We also discussed the two types of image segmentation: Semantic Segmentation and Instance Segmentation. Again, let’s take an example to understand both of these types:

types of image segmentation

All 5 objects in the left image are people. Hence, semantic segmentation will classify all the people as a single instance. Now, the image on the right also has 5 objects (all of them are people). But here, different objects of the same class have been assigned as different instances. This is an example of instance segmentation.

Part one covered different techniques and their implementation in Python to solve such image segmentation problems. In this article, we will be implementing a state-of-the-art image segmentation technique called Mask R-CNN to solve an instance segmentation problem.

Understanding Mask R-CNN

Mask R-CNN is basically an extension of Faster R-CNN. Faster R-CNN is widely used for object detection tasks. For a given image, it returns the class label and bounding box coordinates for each object in the image. So, let’s say you pass the following image:

cat and dog

The Fast R-CNN model will return something like this:

cat and dog: object detection

The Mask R-CNN framework is built on top of Faster R-CNN. So, for a given image, Mask R-CNN, in addition to the class label and bounding box coordinates for each object, will also return the object mask.

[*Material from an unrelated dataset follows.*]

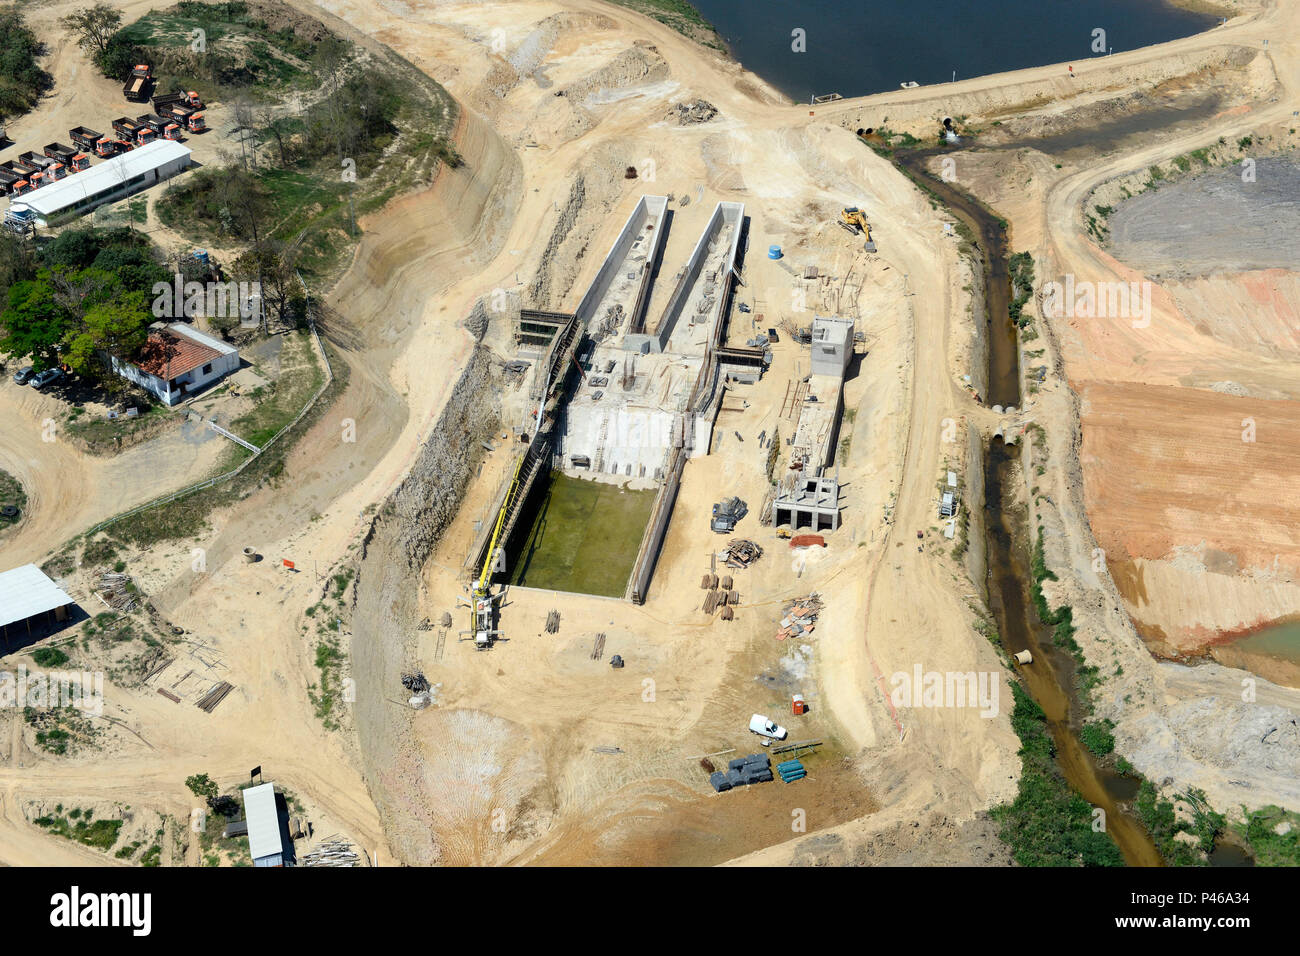 Orçada em R$ 24,5 milhões, com prazo de execução de dois anos, a Barragem do Rio Capivari-Mirim, será construída no Bairro Mirim, dando origem a um lago com capacidade para armazenar 880 milhões de litros. A Barragem terá 260 metros de comprimento, 6 metros de largura, 23 metros de altura máxima sobre a fundação e espelho-d’água de 41,1 hectares (411 mil m2). A extensão de espelho d´água é de 2,5 km. Indaiatuba/SP, Brasil - 12/09/2014. Foto: Giuliano Miranda/Fotoarena Stock Photo

Let’s first quickly understand how Faster R-CNN works. This will help us grasp the intuition behind Mask R-CNN as well.

  • Faster R-CNN first uses a ConvNet to extract feature maps from the images
  • These feature maps are then passed through a Region Proposal Network (RPN) which returns the candidate bounding boxes
  • We then apply an RoI pooling layer on these candidate bounding boxes to bring all the candidates to the same size
  • And finally, the proposals are passed to a fully connected layer to classify and output the bounding boxes for objects

Once you understand how Faster R-CNN works, understanding Mask R-CNN will be very easy. So, let’s understand it step-by-step starting from the input to predicting the class label, bounding box, and object mask.

Backbone Model

Similar to the ConvNet that we use in Faster R-CNN to extract feature maps from the image, we use the ResNet 101 architecture to extract features from the images in Mask R-CNN. So, the first step is to take an image and extract features using the ResNet 101 architecture. These features act as an input for the next layer.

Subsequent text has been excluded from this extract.